I am NOT turning this into the Dinette Set Curmudgeon but I couldn't ignore today's comic. Even more uncomfortable than Dale's dislocated elbow yesterday is weightlifter guy's dislocated head today. In the second panel he turns his head all the way to the left to look at the "chicks" standing to his right. More awkward than Burl accosting the man in yesterday's comic is the chicks possessiveness today toward the exercise ball and their creepy demand that Jerry "hop off and spray it off." Ewwwww...I think. But the real problem I have with today's comic is the women have no reflection in the mirror in the second panel. The joke is based on the fact that Jerry can not see them in the mirror, which makes no sense...unless the women are actually vampire women from Mars. I suggest this because Earth vampires never have a reflection but Martians can appear and disappear at will*, suggesting that Martian vampires can control their reflections.
*(I base this on my knowledge of "Uncle Martin", a Martian who crashed on Earth and lived among us with his secret known only Tim O'Hara. Based on TV shows of my childhood, half the people in the 60s were living with someone "different-from-us" - a Martian, a witch, a talking horse, a woman reincarnated as a car - and hiding that condition from everyone. Hilarity always ensued. This formula was copied later by Mork and Mindy and then by the Laura Bush sitcom where she lives in the White House with a man comically attempting to hide the fact he has no brain.)

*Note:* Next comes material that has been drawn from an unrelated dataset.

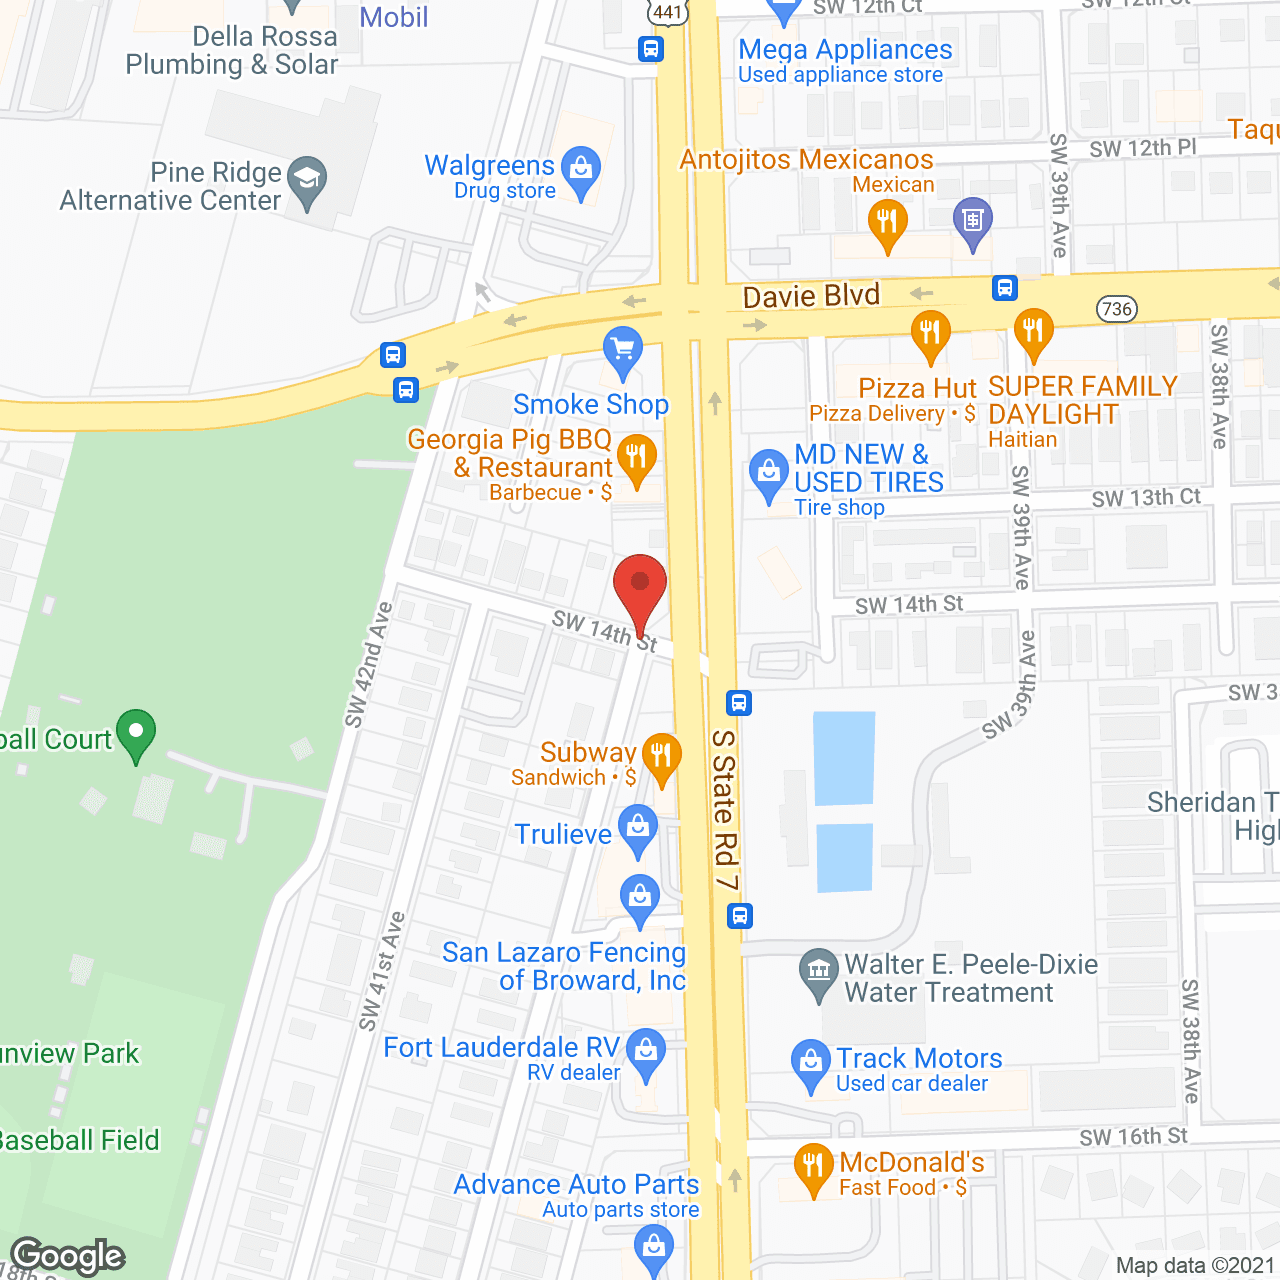 Golden Age Manor Assisted Living Facility in google map

Saturday, December 6, 2008

Dining Out

I enjoy the Comics Curmudgeon but he tends to focus on comics which are consistently worthy of mocking and misses the flawed exceptions to generally funny comics. In today's "Dinette Set", the joke is confounding and the artwork is disturbing. Has Dale interlocked elbows with a strange man who is peeved by that action or has Dale merely dislocated his own elbow? Is Burl hugging the strange man or merely putting his arm down the man's pants? I am grateful to Julie Larson for having Burl and Dale state each other's name in the conversation. I am am sure the charcters are often as uncertain of who is who in this strip as I am. I do like the strip, especially the signs and memos in the backgrounds of the frames. But I don't get the joke at all today. I guess I am a ding-a-ling! Huh, reader? Can someone please explain it to me?